PROBLEM DESCRIPTION
The line containing "Nhiều khu dân" marks the end; write out exactly every line from the start of the data up to and including it, without the pictures.

THE DATA

□ □ □

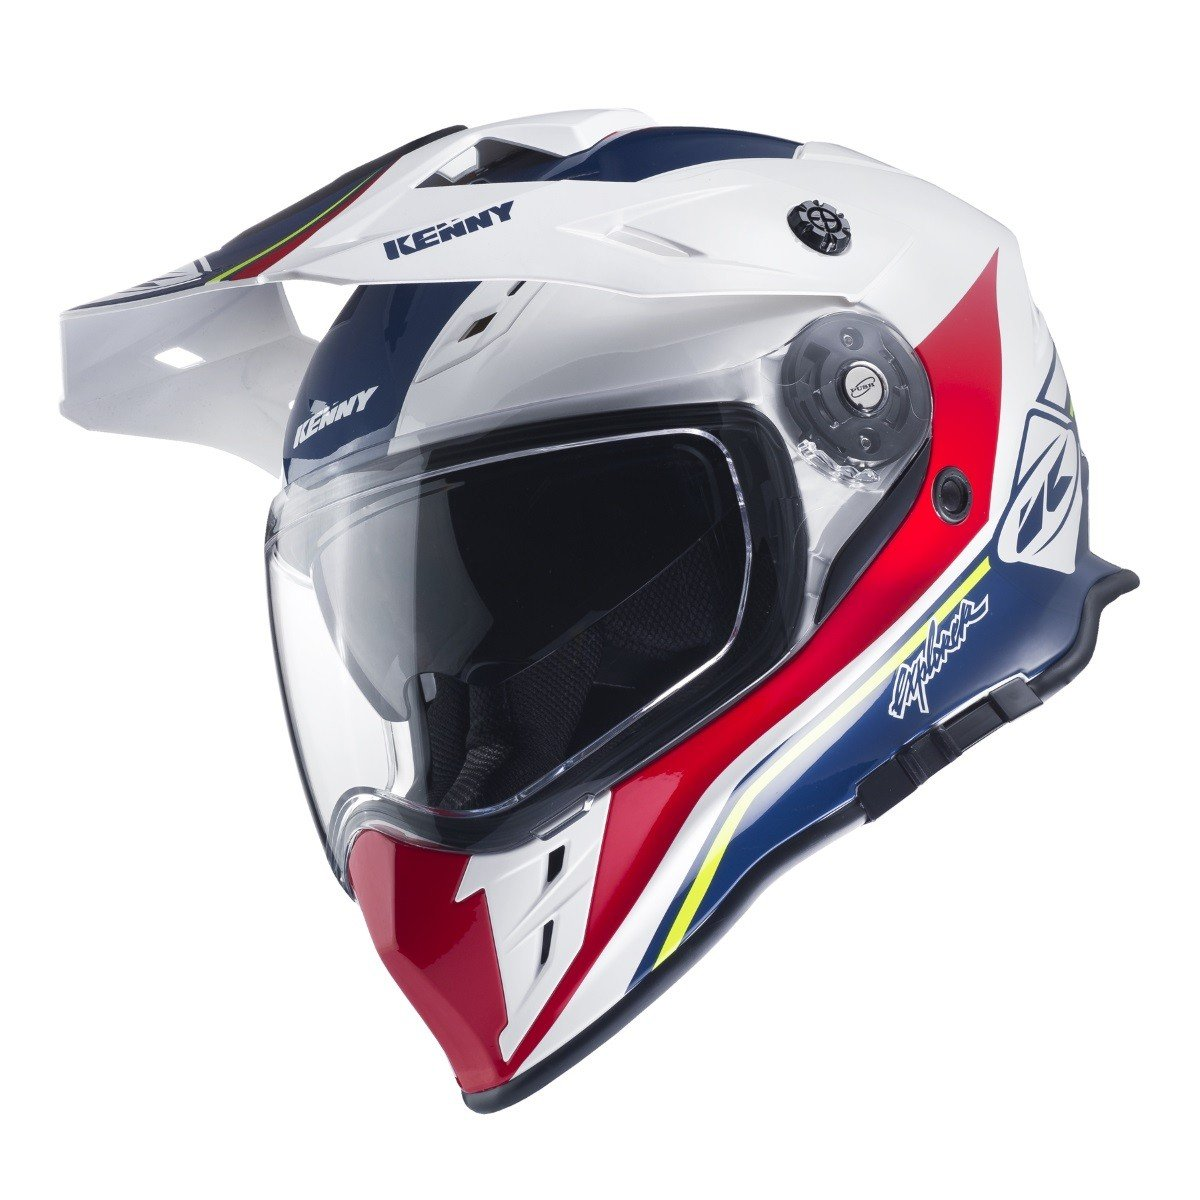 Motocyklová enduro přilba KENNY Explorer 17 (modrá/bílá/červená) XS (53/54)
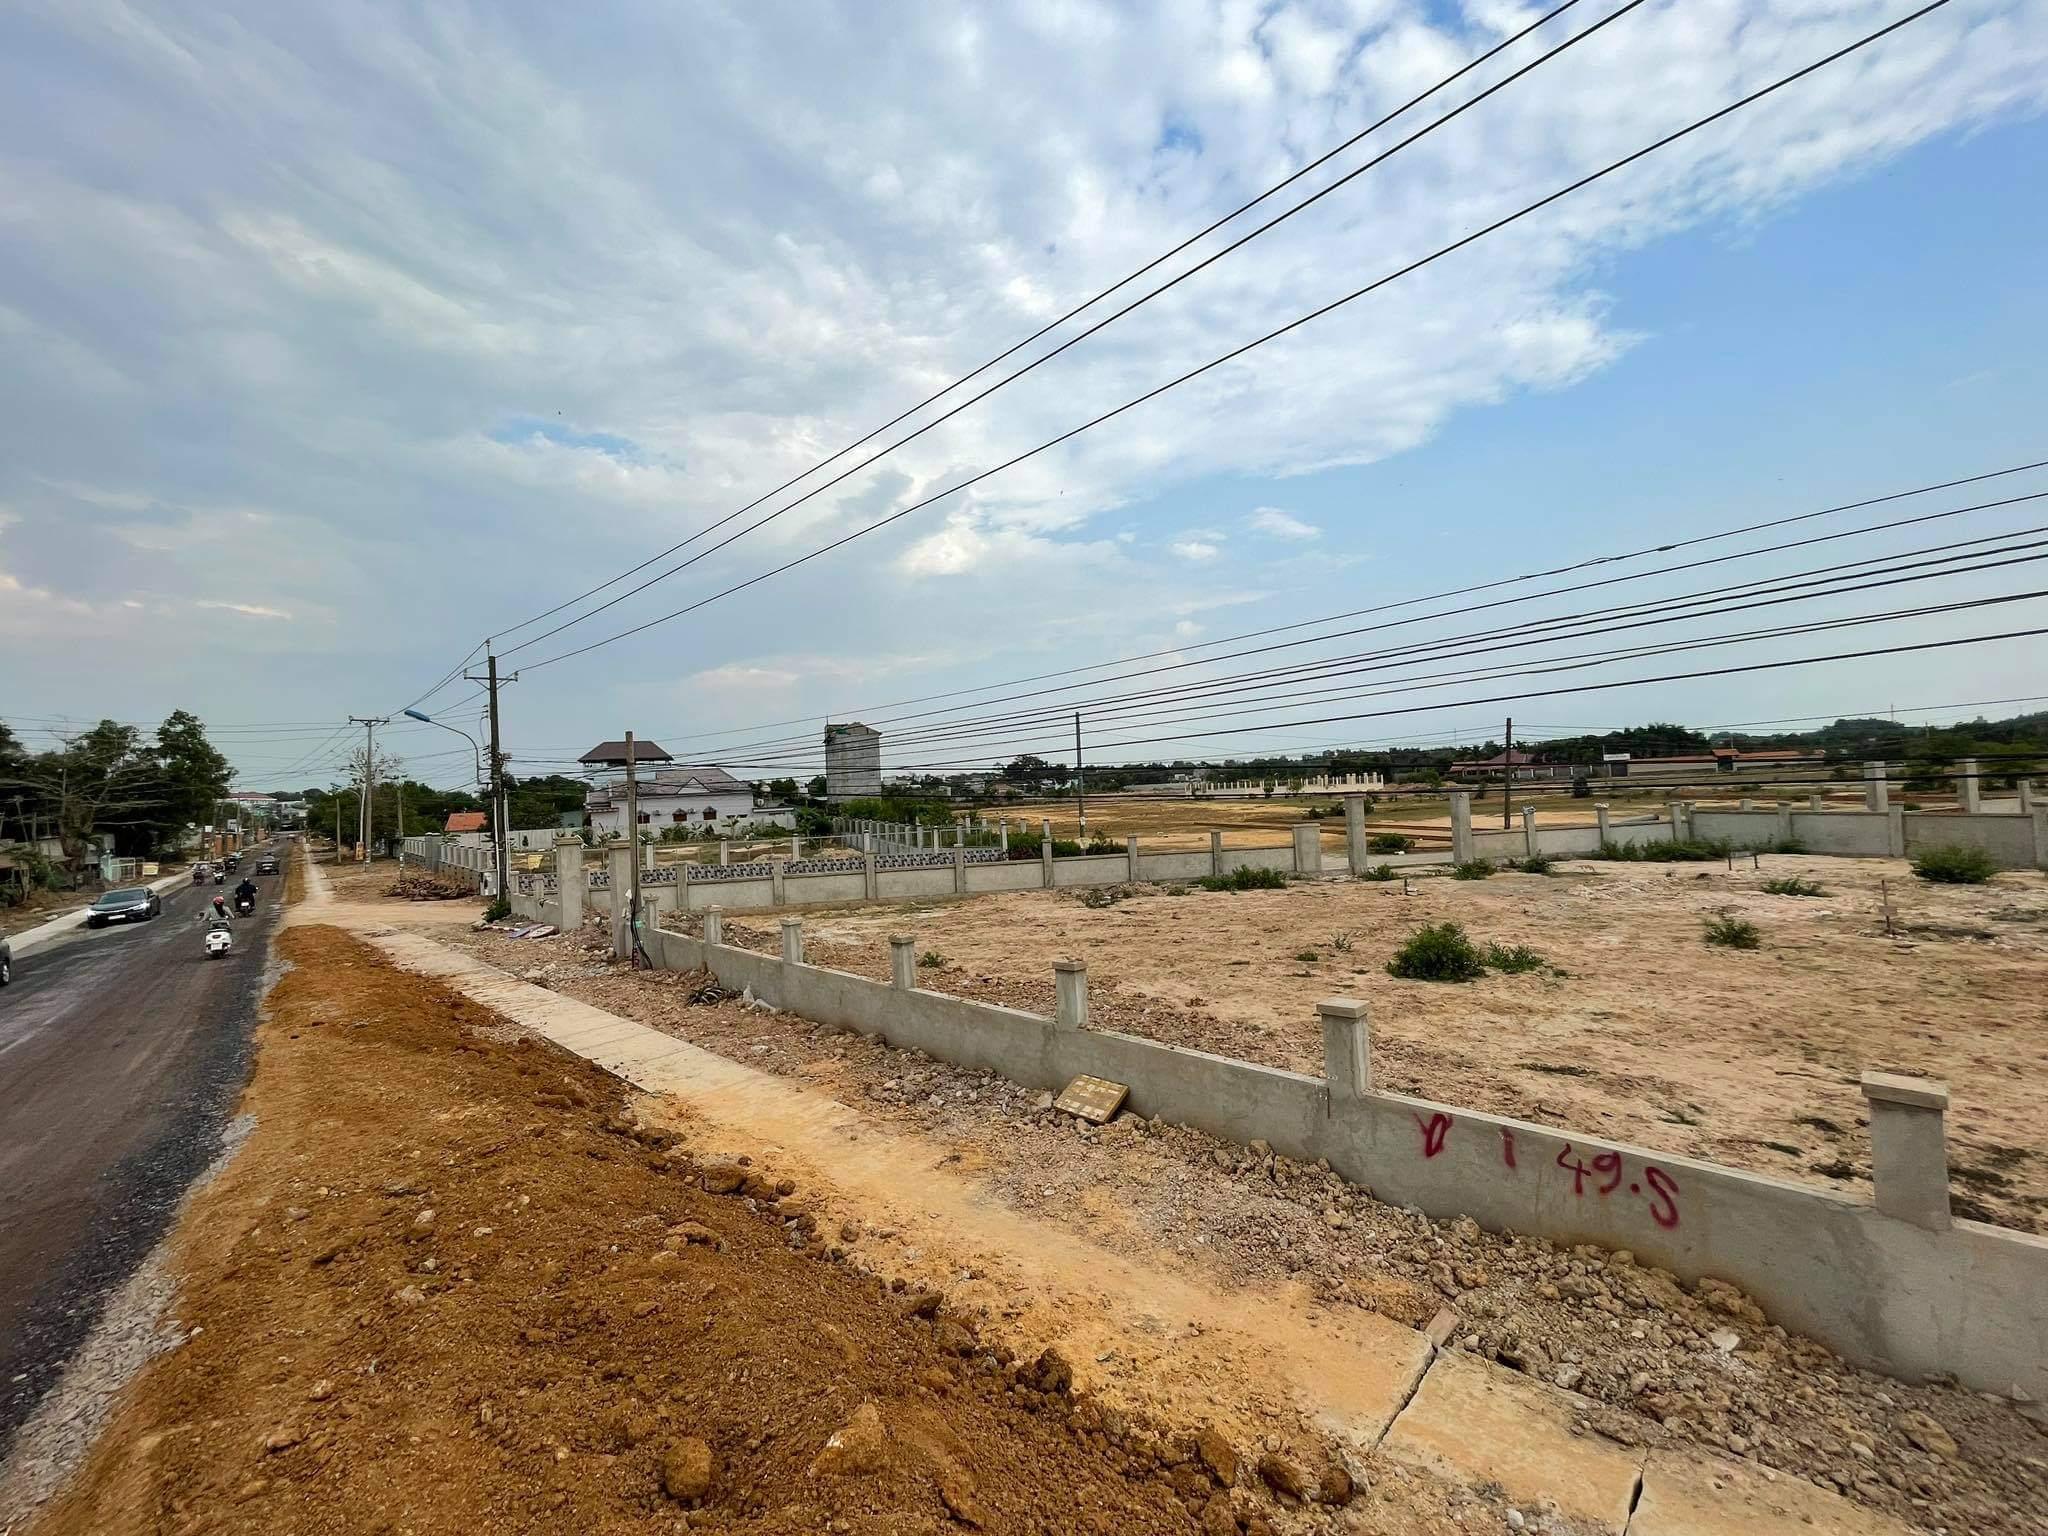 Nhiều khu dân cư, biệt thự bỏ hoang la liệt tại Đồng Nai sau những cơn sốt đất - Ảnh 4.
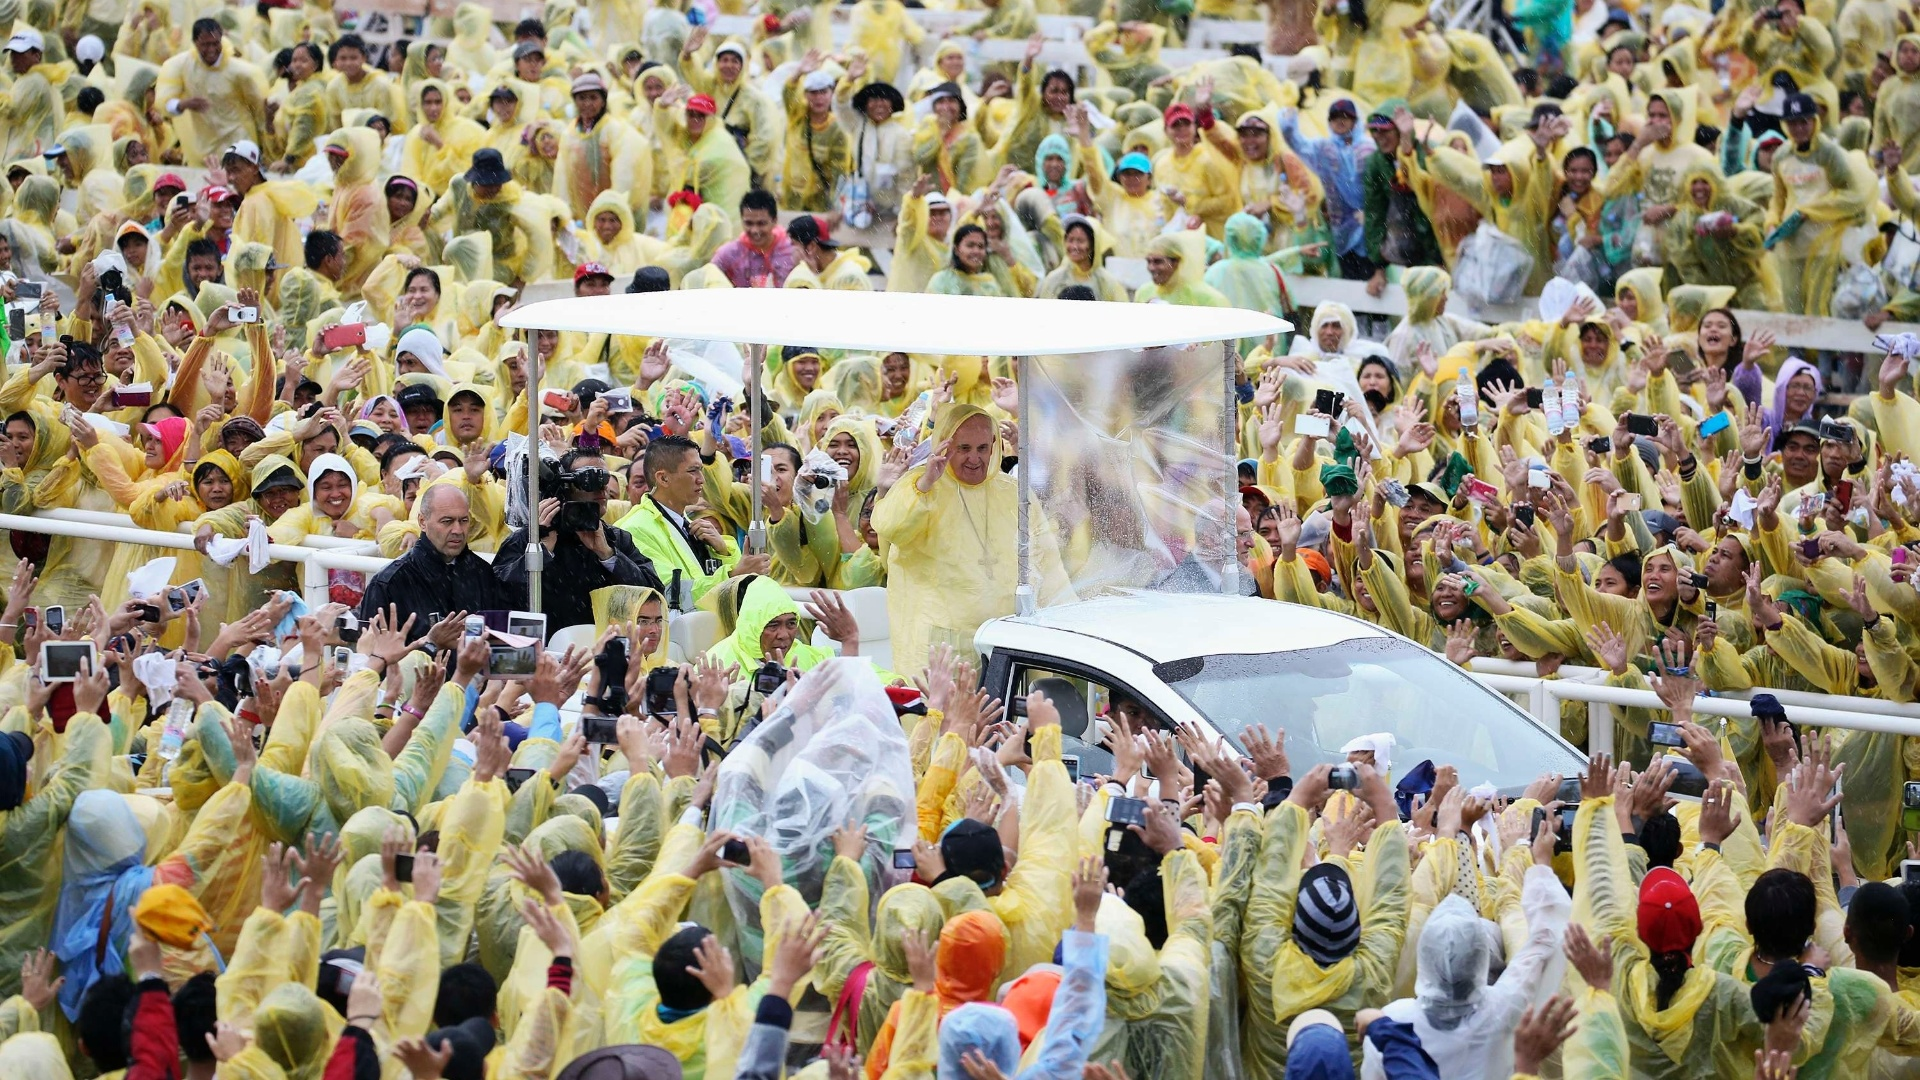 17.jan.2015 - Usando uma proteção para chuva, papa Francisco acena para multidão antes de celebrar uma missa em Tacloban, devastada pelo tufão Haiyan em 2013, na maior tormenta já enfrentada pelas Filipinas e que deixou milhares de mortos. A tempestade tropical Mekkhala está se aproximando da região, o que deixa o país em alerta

□ □ □

SOLUTION
 Motocyklová enduro přilba KENNY Explorer 17 (modrá/bílá/červená) XS (53/54)
 Nhiều khu dân cư, biệt thự bỏ hoang la liệt tại Đồng Nai sau những cơn sốt đất - Ảnh 4.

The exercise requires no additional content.